The Centre’s veto – a design flaw in the GST Council’s functioning
As mentioned above, the Centre effectively has a veto over any proposal made in the GST Council. Even if all the States were to unanimously agree to a proposal, the proposal cannot be passed unless the Centre agrees. As Alok Prasanna Kumar and Suhrith Parthasarathy point out (see here and here), this veto power results in a situation where the Centre always wins, and no proposal can go through if the Centre does not want it to. In this scenario, even if all the State Governments were to agree that the Centre should tap into other sources of finance to compensate the States, the Centre can effectively veto this proposal. Although there has been no formal vote in the GST Council on this issue of pending compensation payments, the Centre’s veto power ensures that any such voting process initiated in future will be a foregone conclusion.
This also gives the Centre the leeway to entirely transfer the burden of revenue loss to the States. This is exactly what the Centre has done in the present case, by providing the States with two options under which the States will have to themselves borrow the amount of revenue shortfall.

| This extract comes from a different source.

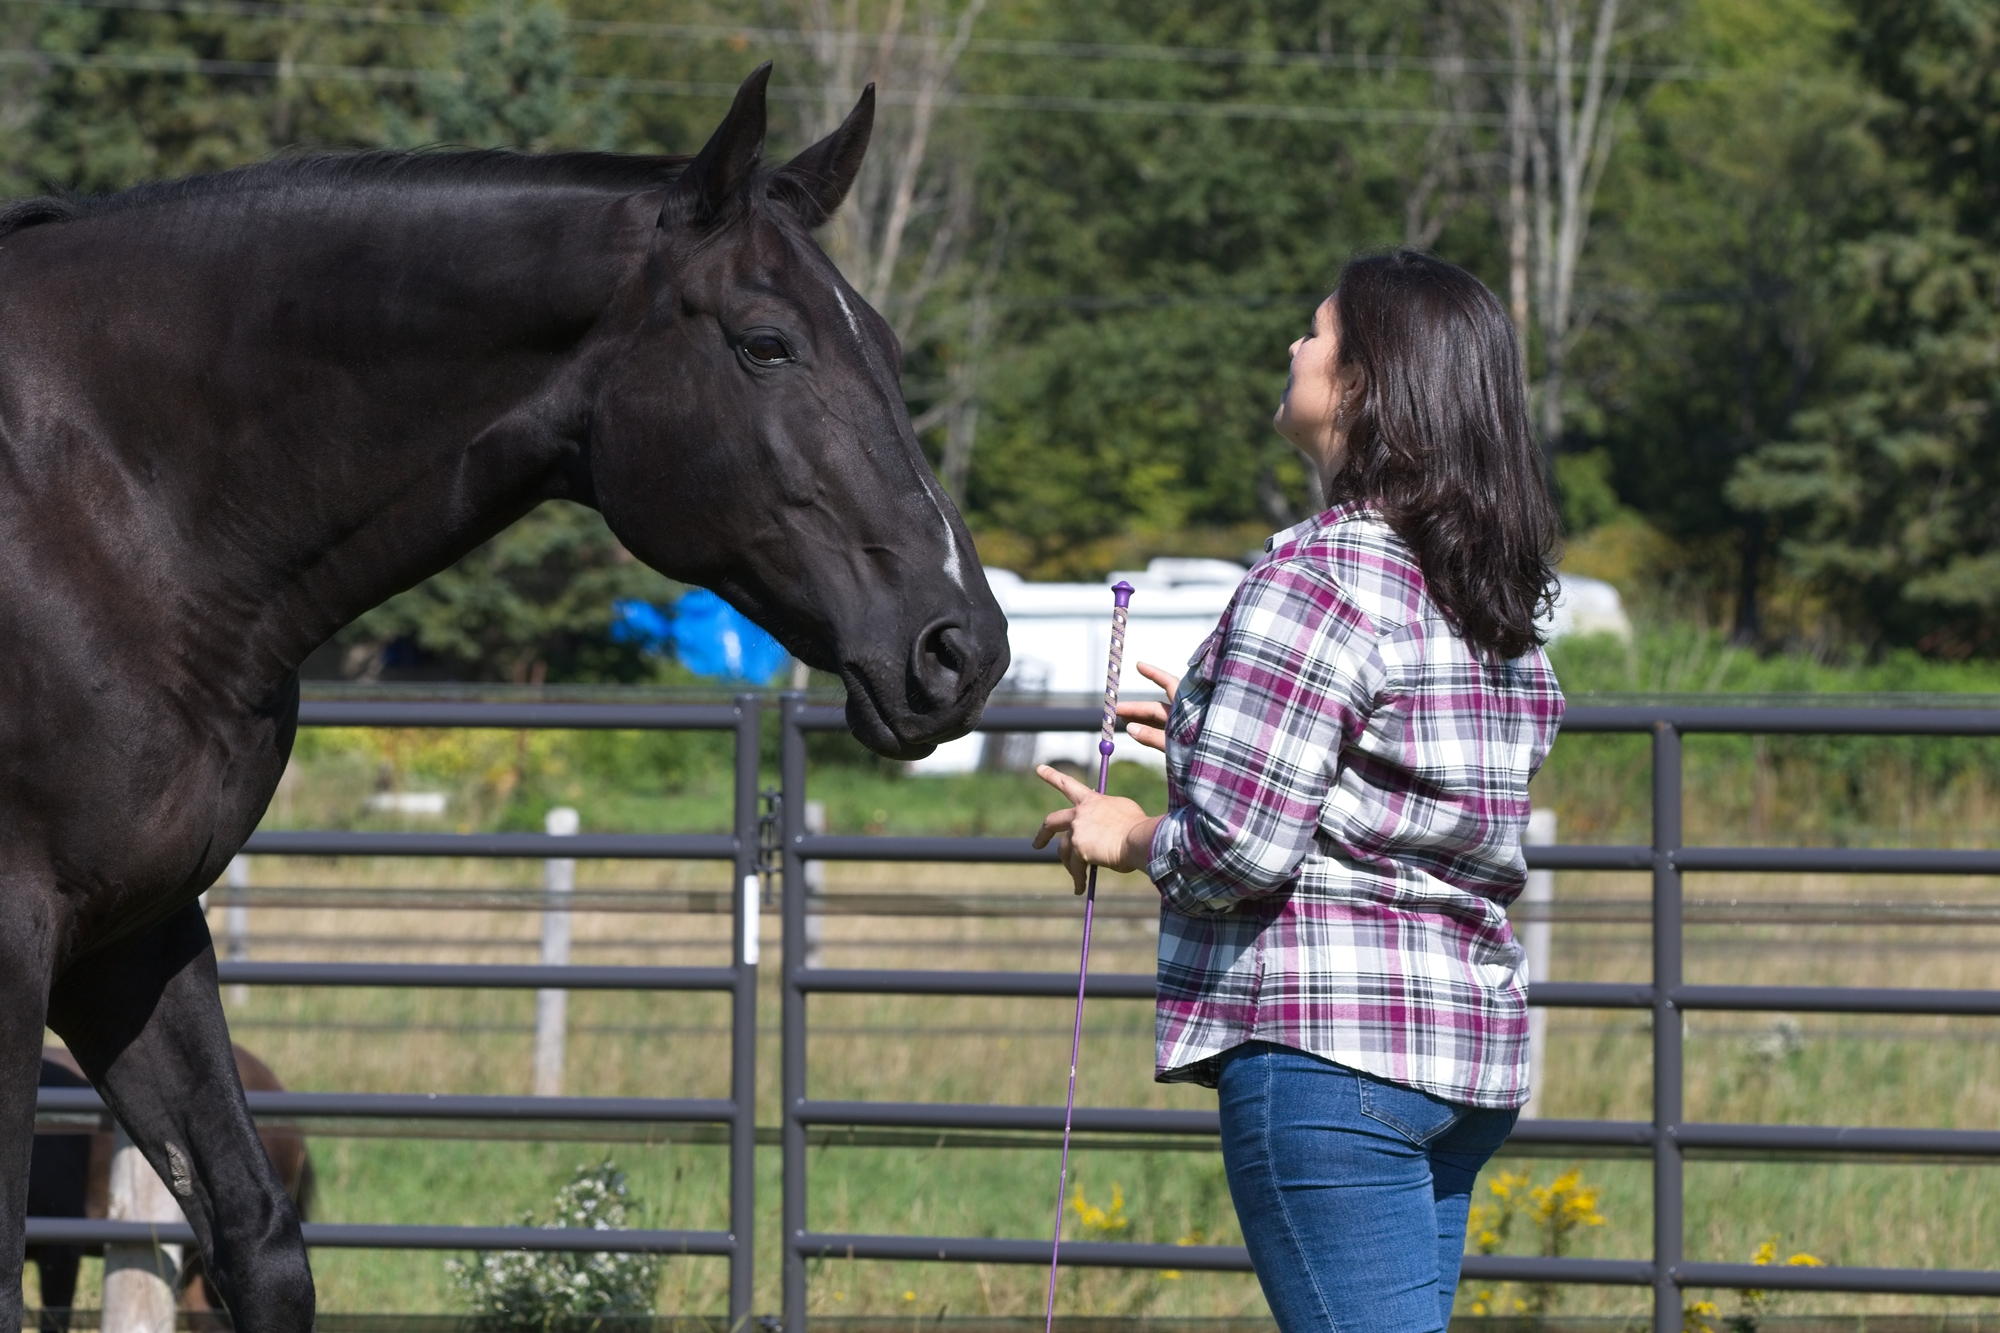 true-presence-horse-sense-carmen-theobald-grace-round-pen-equine-facilitated-learning-efl-eponaquest-instructor-coach.jpg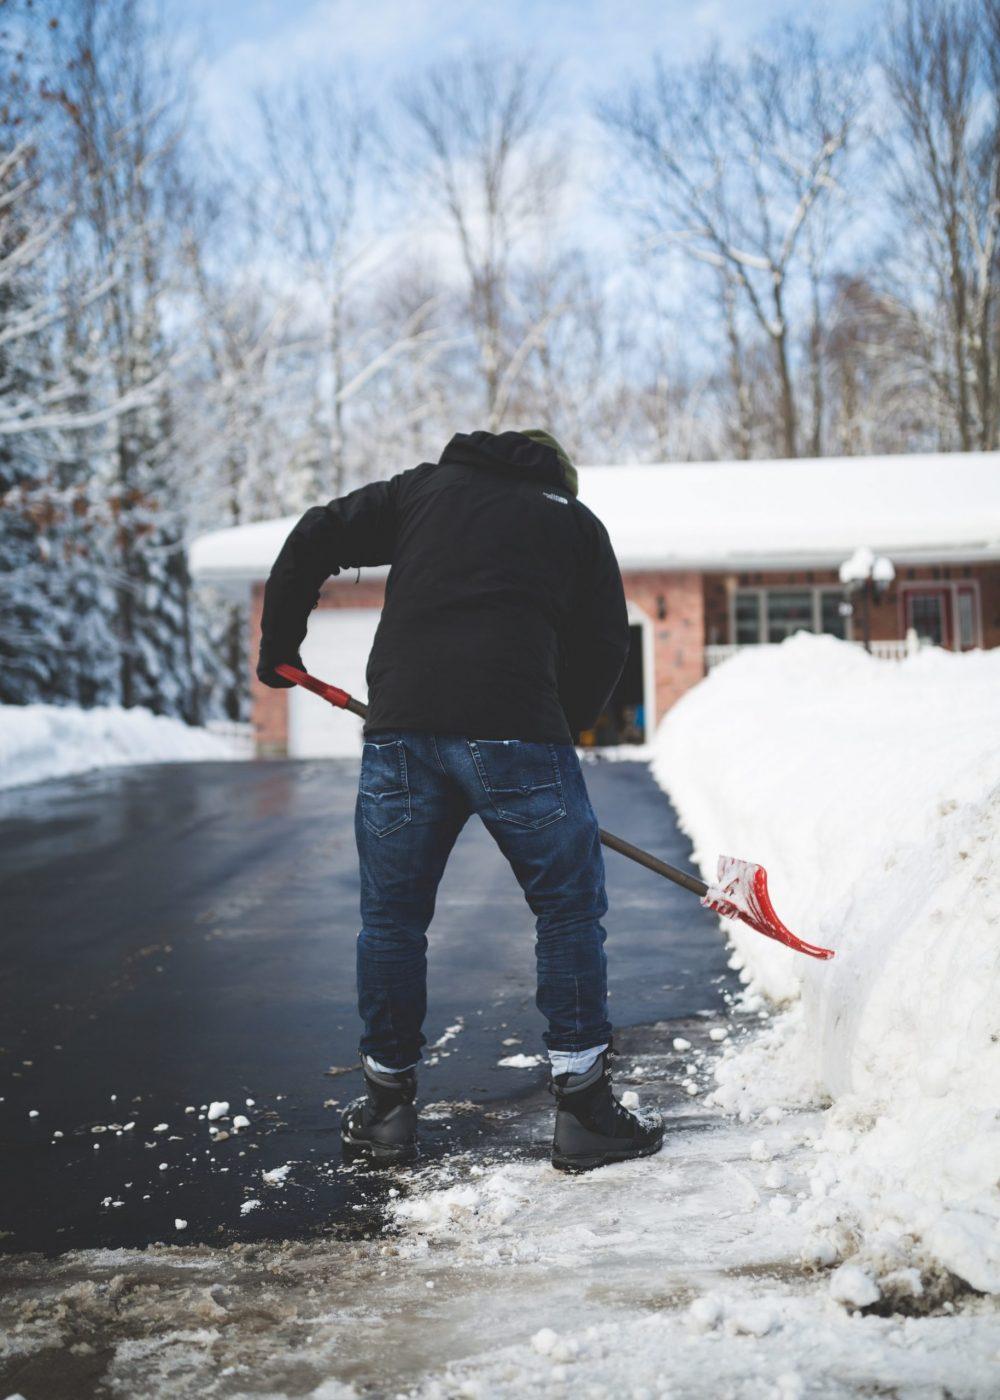 A man shovelling snow on a driveway

This design flaw in the GST Council’s voting mechanism has effectively put the States at the mercy of the Centre, and unless the Centre relents, the States have no scope to successfully push an alternative proposal.
The road ahead
Based on our discussion above, it is clear that this crisis can be resolved if the Centre takes note of the true spirit on which the GST’s constitutional bargain was based, and provides full compensation to the States for the projected shortfall in revenue. At the same time, this crisis highlights the need for the States to develop a consensus against the voting mechanism of the GST Council, and propose a constitutional amendment that would reduce the Centre’s veto power. This is significant, as similar stalemates where the States are left at the Centre’s mercy may arise in future as well.
There is also a larger question which the Centre must address here. When Late Finance Minister Arun Jaitley pioneered the GST Amendment in Parliament, he mentioned that the GST would usher in a new era of cooperative federalism. This is possible only if the Centre honors the foundations on which the States sacrificed their taxation powers. Unless this is done, the States would be left as mere appendages of the Centre, and this experiment of cooperative federalism is bound for failure.